Caloric restriction mimetics (CRMs) are a class of compounds designed to replicate the health and longevity benefits of caloric restriction (CR)—reducing food intake without malnutrition—without requiring actual dietary restriction. Because long-term CR is difficult for humans to sustain and carries risks like muscle loss, CRMs represent a pharmacological strategy to delay biological aging and prevent age-related diseases.
Mechanisms of Action
CRMs work by tricking cells into a state of "perceived" nutrient scarcity, triggering conserved stress-response pathways usually activated by fasting.
• Autophagy Induction: A primary mechanism of CRMs is the stimulation of autophagy, the cellular "cleanup" process that recycles damaged proteins and organelles.
• Protein Deacetylation: CRMs often promote the deacetylation of cellular proteins by depleting acetyl-CoA or inhibiting acetyltransferases (like EP300), mimicking the biochemical environment of starvation.
• Key Signaling Pathways: They modulate master metabolic regulators:
◦ AMPK Activation: CRMs activate AMPK, the cell's energy sensor, which promotes fat burning and repair processes.
◦ mTOR Inhibition: They inhibit the mTOR pathway (specifically mTORC1), which normally drives growth; suppressing it shifts cells toward maintenance and repair.
◦ Sirtuin Activation: They activate sirtuins (e.g., SIRT1, SIRT3), enzymes that protect against oxidative stress and genomic instability.
Major Candidates
CRMs include both natural dietary compounds and synthetic drugs:
• Natural Agents:
◦ Spermidine: A polyamine found in wheat germ and aged cheese. It induces autophagy by inhibiting EP300 and is linked to improved cognition and cardiovascular health.
◦ Resveratrol: A polyphenol in red wine that activates SIRT1. While it improves metabolic health in obese mice, its ability to extend lifespan in healthy mammals remains debated.
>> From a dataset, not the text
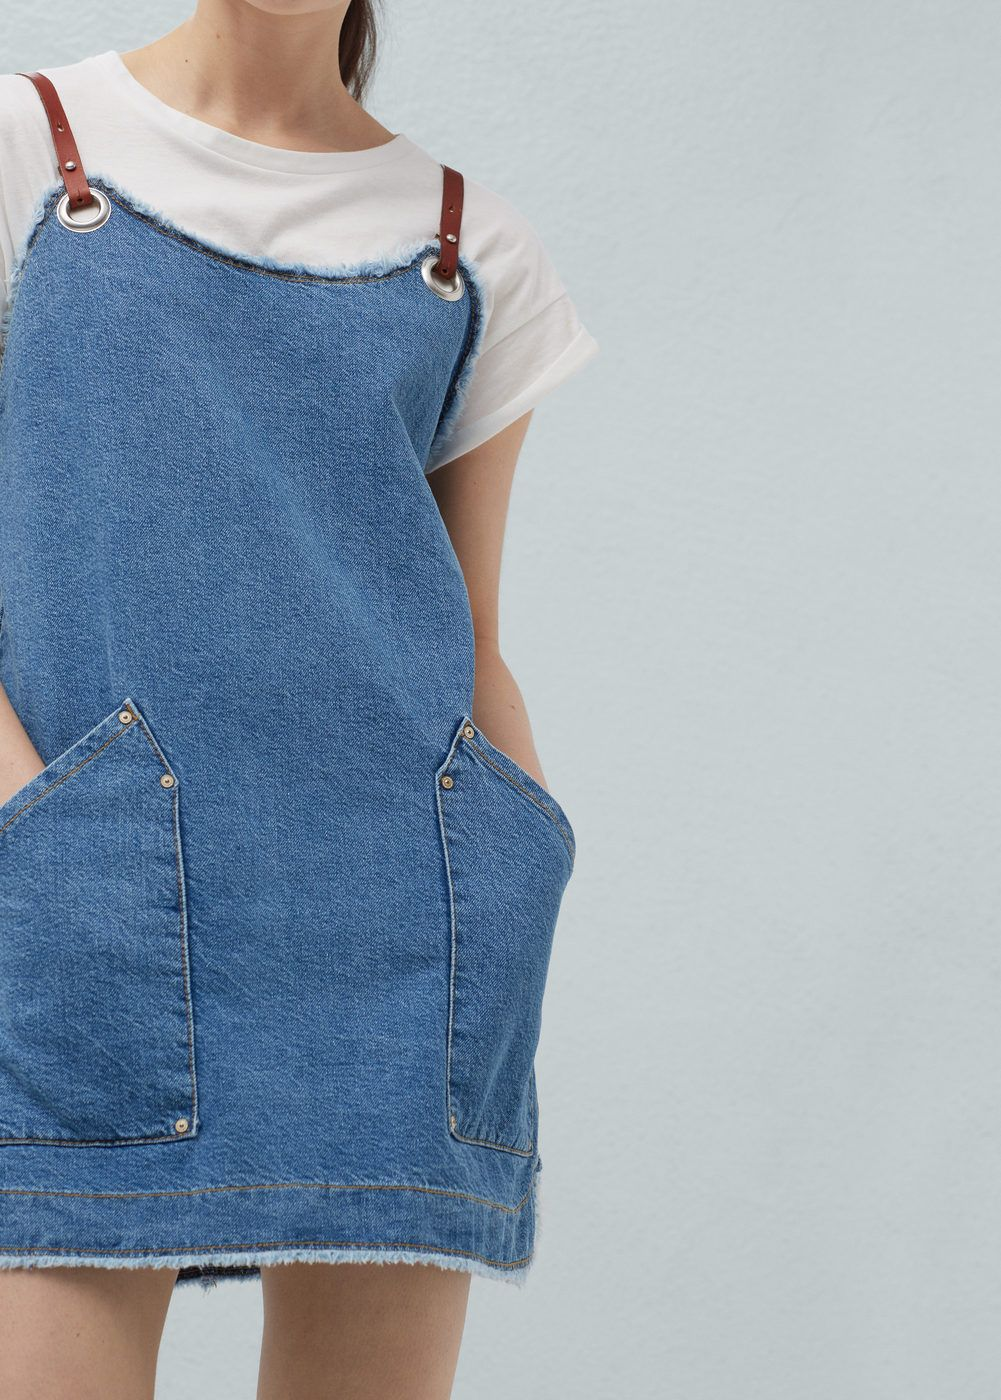 62bf2c1bb562 Vestido denim bolsillos - Mujer   A Me gusta en Pinterest   Vestidos ...

◦ Quercetin & Fisetin: These act as senolytics, selectively eliminating senescent ("zombie") cells that accumulate with age and drive inflammation.
◦ Glucosamine: An amino sugar that inhibits glycolysis (glucose metabolism), inducing mitochondrial "hormesis" (beneficial stress) and extending lifespan in rodents and nematodes.
• Synthetic Agents:
◦ Metformin: A diabetes drug that activates AMPK. While it extends healthspan in disease models, recent large meta-analyses suggest it may not consistently extend lifespan in healthy vertebrates compared to rapamycin or CR.
◦ Rapamycin: An mTOR inhibitor that robustly extends lifespan across species (yeast to mice). However, its use in humans is complicated by side effects like immunosuppression, leading researchers to explore intermittent dosing protocols.
Current Status
While CRMs show profound effects in animal models, human evidence is largely limited to short-term trials or epidemiological associations. The ongoing TAME (Targeting Aging with Metformin) trial aims to provide clinical proof that a drug can delay multiple age-related diseases simultaneously in humans. Research suggests that cyclical use of these compounds (pulsing stress and recovery) may be superior to chronic use, preventing adaptation and side effects.